### TASK STATEMENT
Repeat exactly the lines of the material below that run from the "Maqueta Waterloo" line to the "Praia de Ipanema" line, including both, and do not carry over any pictures.

------ INPUT RECORDS ------

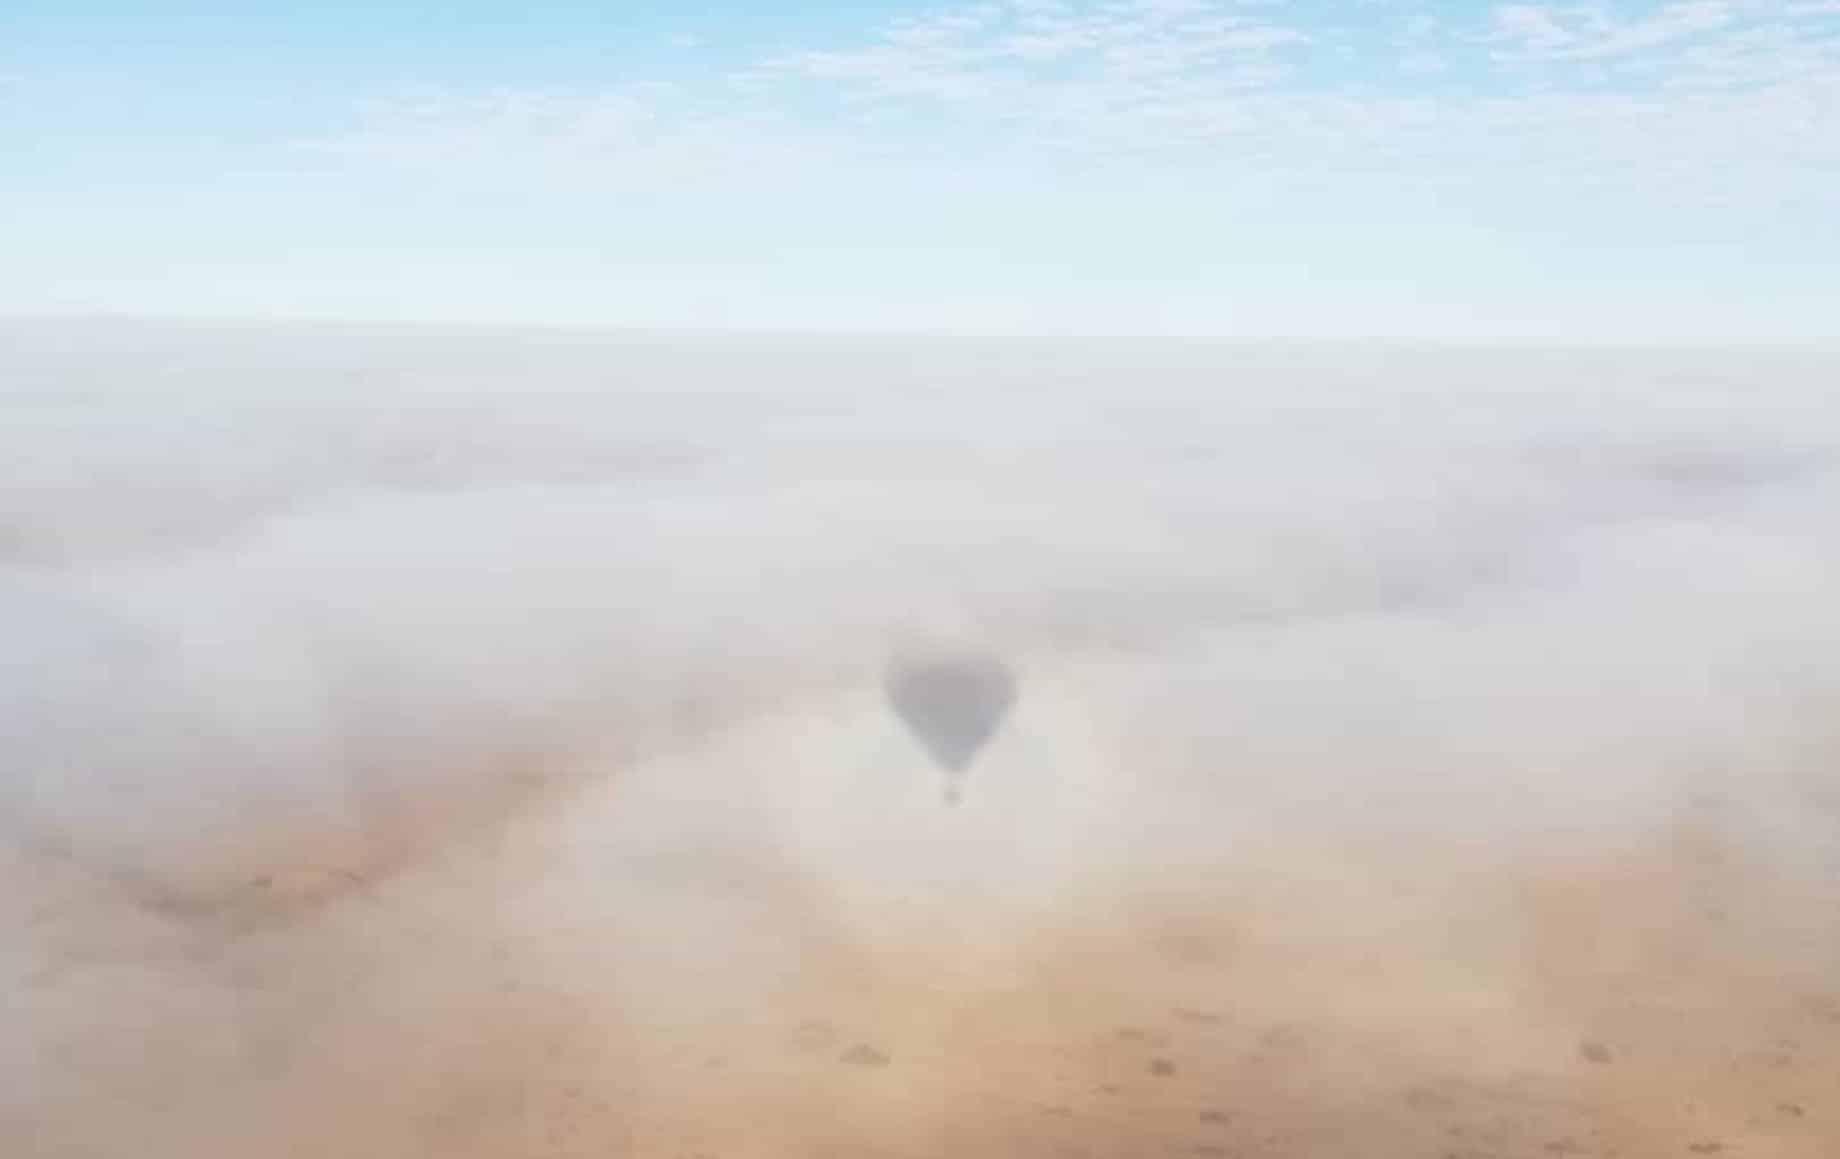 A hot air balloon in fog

------
------ INPUT RECORDS ------

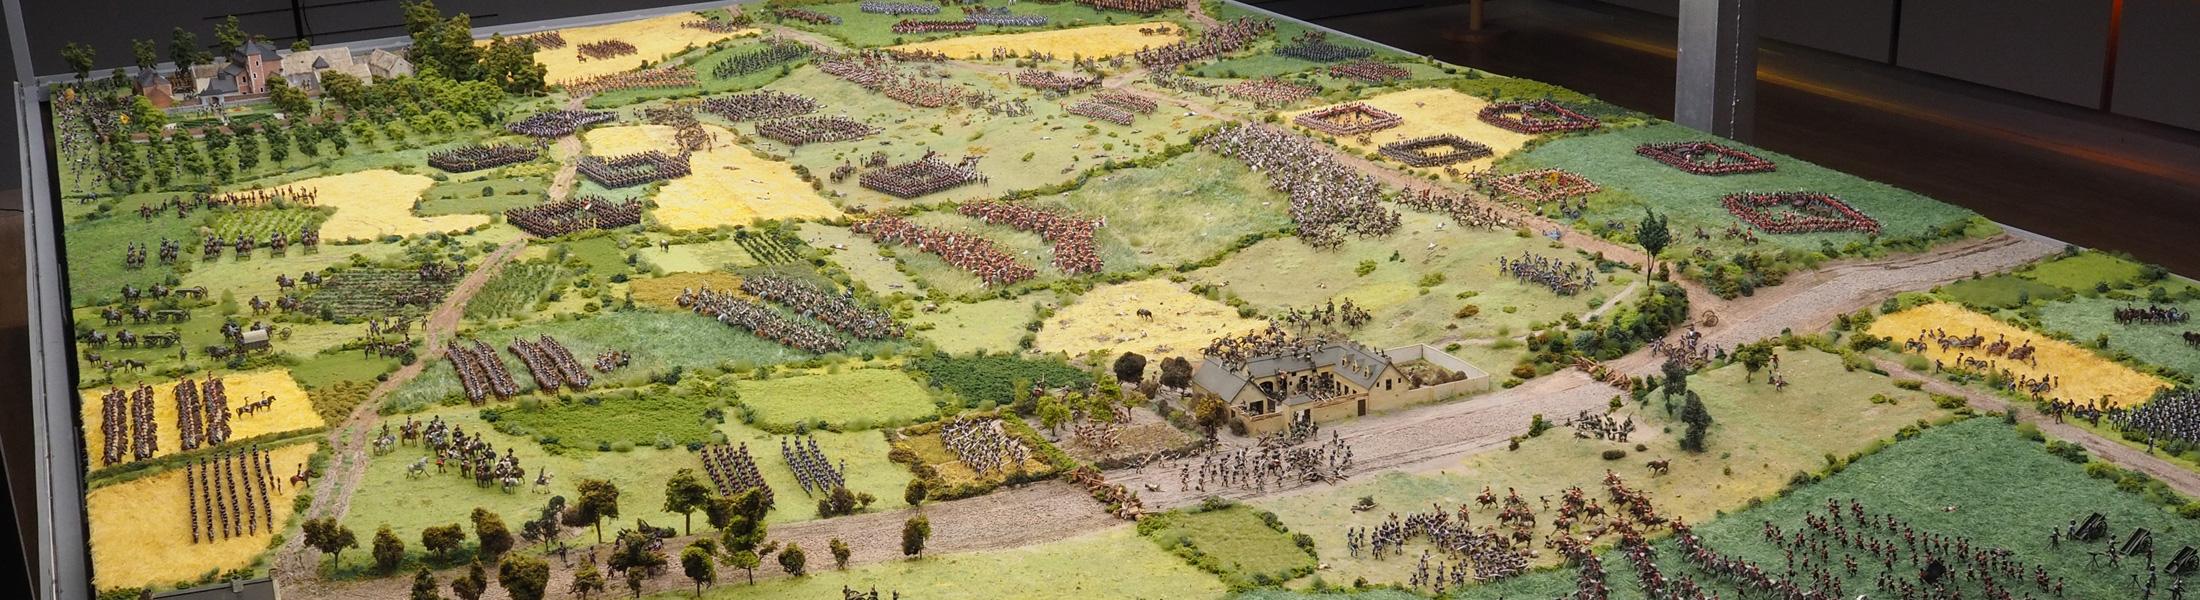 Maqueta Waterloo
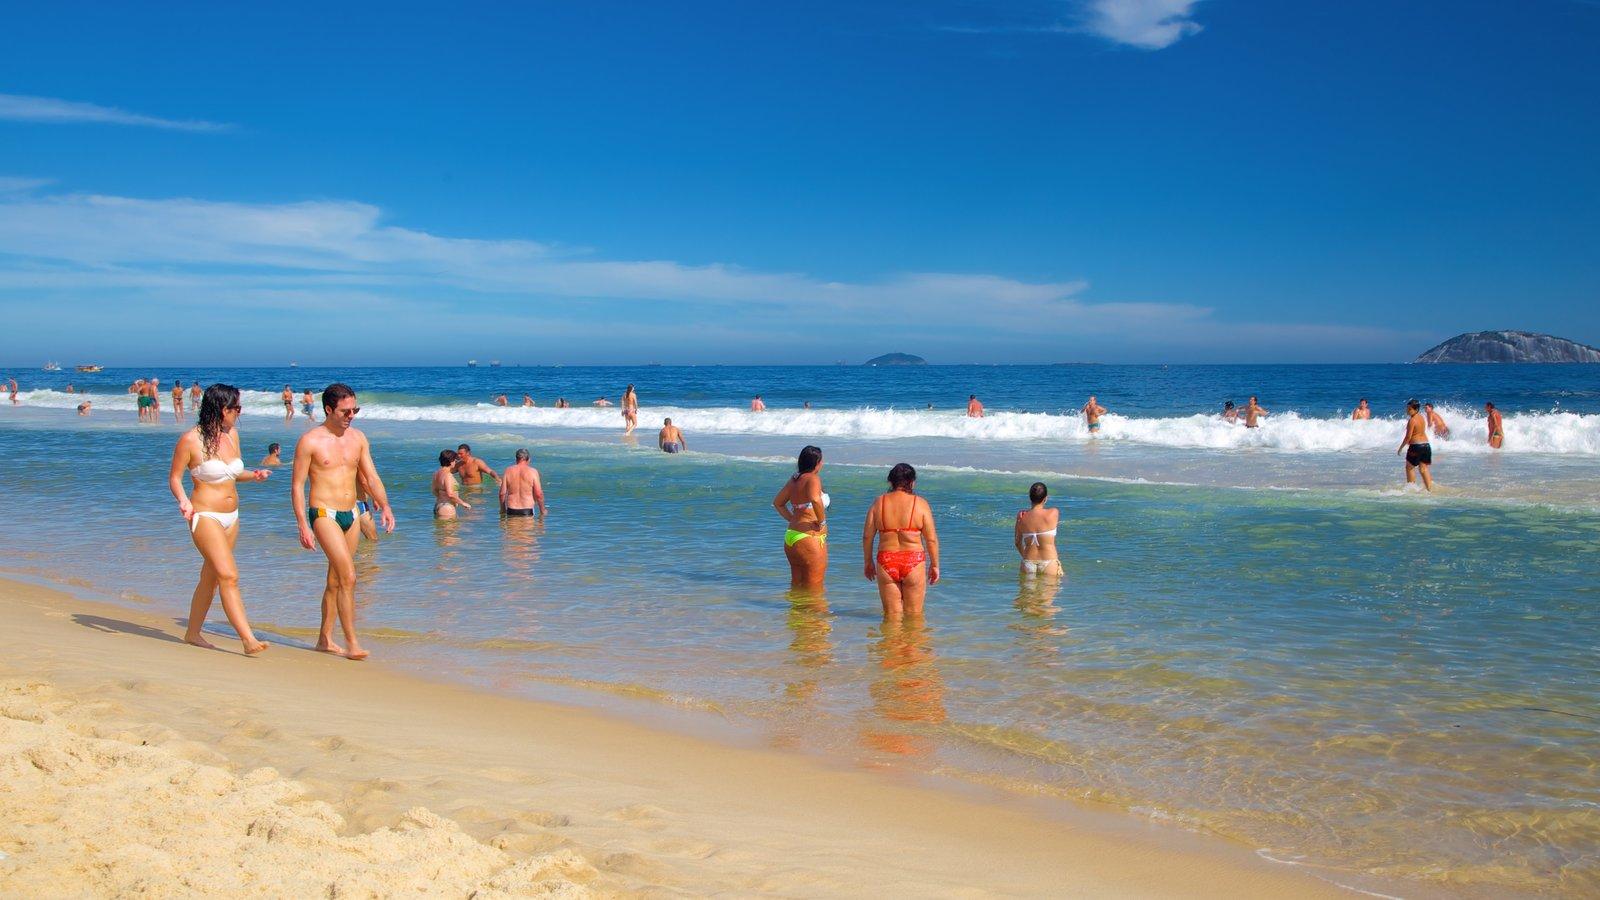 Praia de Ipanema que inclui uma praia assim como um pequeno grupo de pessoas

------

### ANSWER AREA
 Maqueta Waterloo
 Praia de Ipanema que inclui uma praia assim como um pequeno grupo de pessoas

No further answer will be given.